Beady Eye 'Different Gear, Still Speeding' Album Review
By
Stop Crying Your Heart Out
on
February 18, 2011
Considering that Noel Gallagher wrote the majority of Oasis’ songs, best or otherwise, and that Liam’s role throughout their chequered history was to be the charismatic bit of rough, and bearing in mind that the latter’s contributions to the Oasis canon were hardly propitious, it’s actually quite staggering that Beady Eye’s debut album is anything less than abysmal. In fact, it’s pretty fine, really good in places, with moments that eclipse most Oasis material since (What’s The Story) Morning Glory. There isn’t a Beatles comparison that springs to mind, but it does strike one as being a little like The Who making a decent record without Pete Townshend.
Different Gear, Still Speeding has the energy, if not the invention, of a classic Who album. Hardly surprisingly, however, it’s the Lennon and McCartney (and Jagger-Richards) songbooks, as well as the retro Merseybeat of The La’s, that prove the main inspiration – there’s even a track called Beatles and Stones. What did you expect? An album influenced by Burial and Ramadanman? Produced by Steve Lillywhite over 12 weeks in London’s RAK Studios during summer 2010, Different Gear... finds Liam, with Gem Archer on guitar, Andy Bell on bass and Chris Sharrock on drums, sharing songwriting duties and a commitment to upholding eternal verities: big riffs, pounding drums, and basslines that prop up simple melodies.

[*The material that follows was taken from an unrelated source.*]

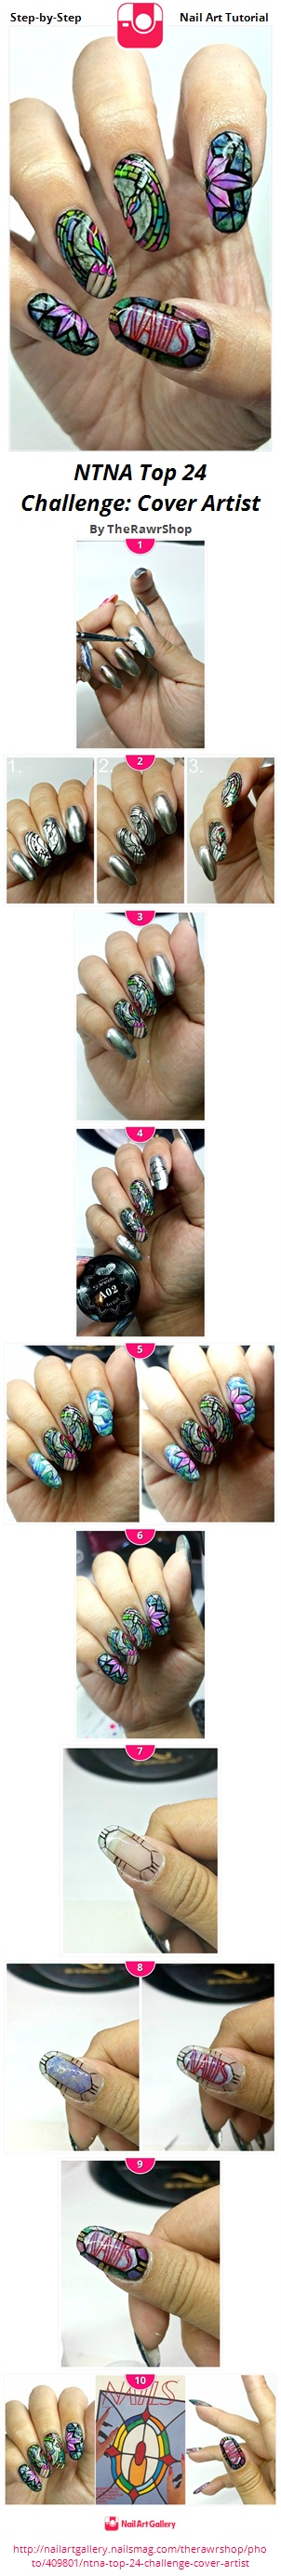 NTNA Top 24 Challenge: Cover Artist - Nail Art Gallery
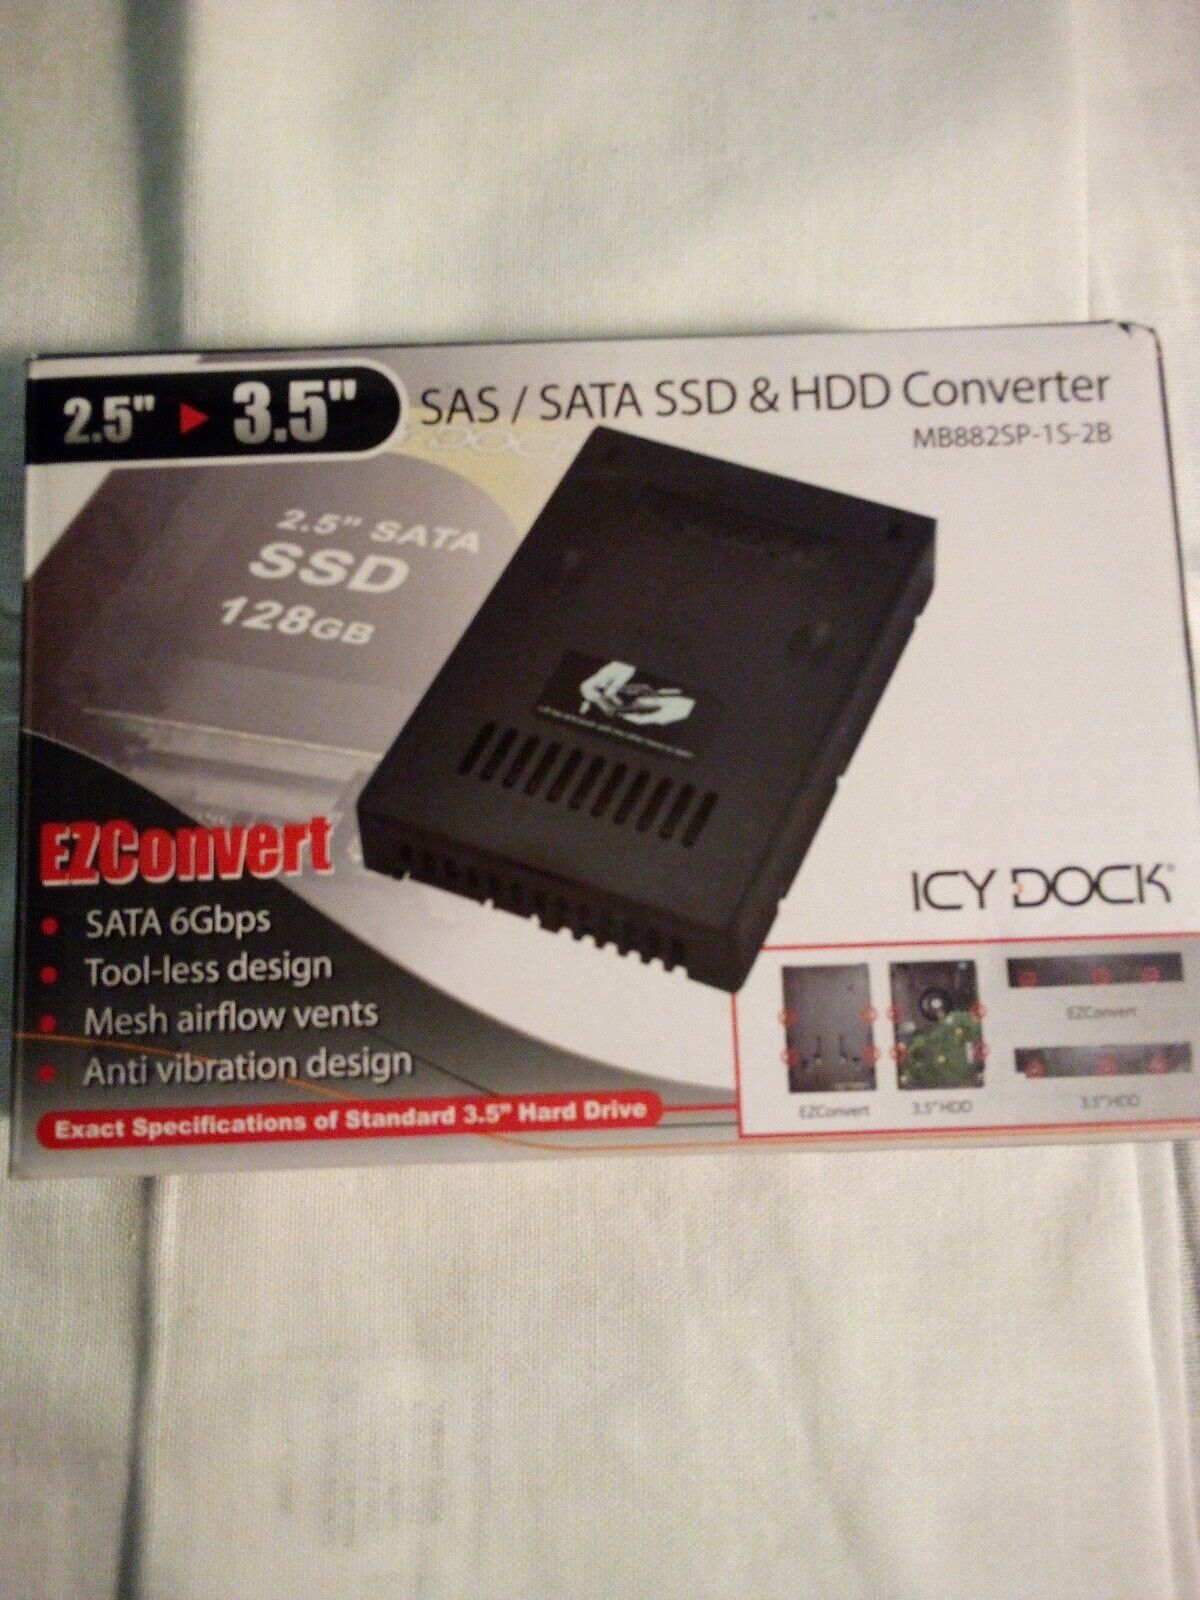 ICY DOCK MB882SP-1S-2B 2.5 to 3.5inch SSD SATA Hard Drive Converter Retail

That said, the songs here are less oikish, more nimble and nuanced, than a lot of Oasis’ ponderous later music. Four Letter Word is a strong opener, powerfully surging orchestral rock providing an effective showcase for Gallagher’s appealingly coarse bellow, which as ever serves to invest the banal lyrics ("Nothing lasts forever," apparently) with, if not meaning, then at least menace. Millionaire is a curious hybrid of folky Led Zep and Wings. Beatles and Stones sounds like The Rutles doing 19th Nervous Breakdown. The Beat Goes On captures some of the lysergic whimsy of Sgt Pepper's-era Lennon while Wigwam hints at what St John might be doing today had he lived. That’s a criticism of Lennon, by the way, but high praise indeed for Gallagher. The Morning Son is the epic closer that grows from an acoustic start towards a cloudburst of psychedelic colour and baroque instrumentation. It’s superb.
Who’d have believed it? No one, that’s who. Well, apart from Liam.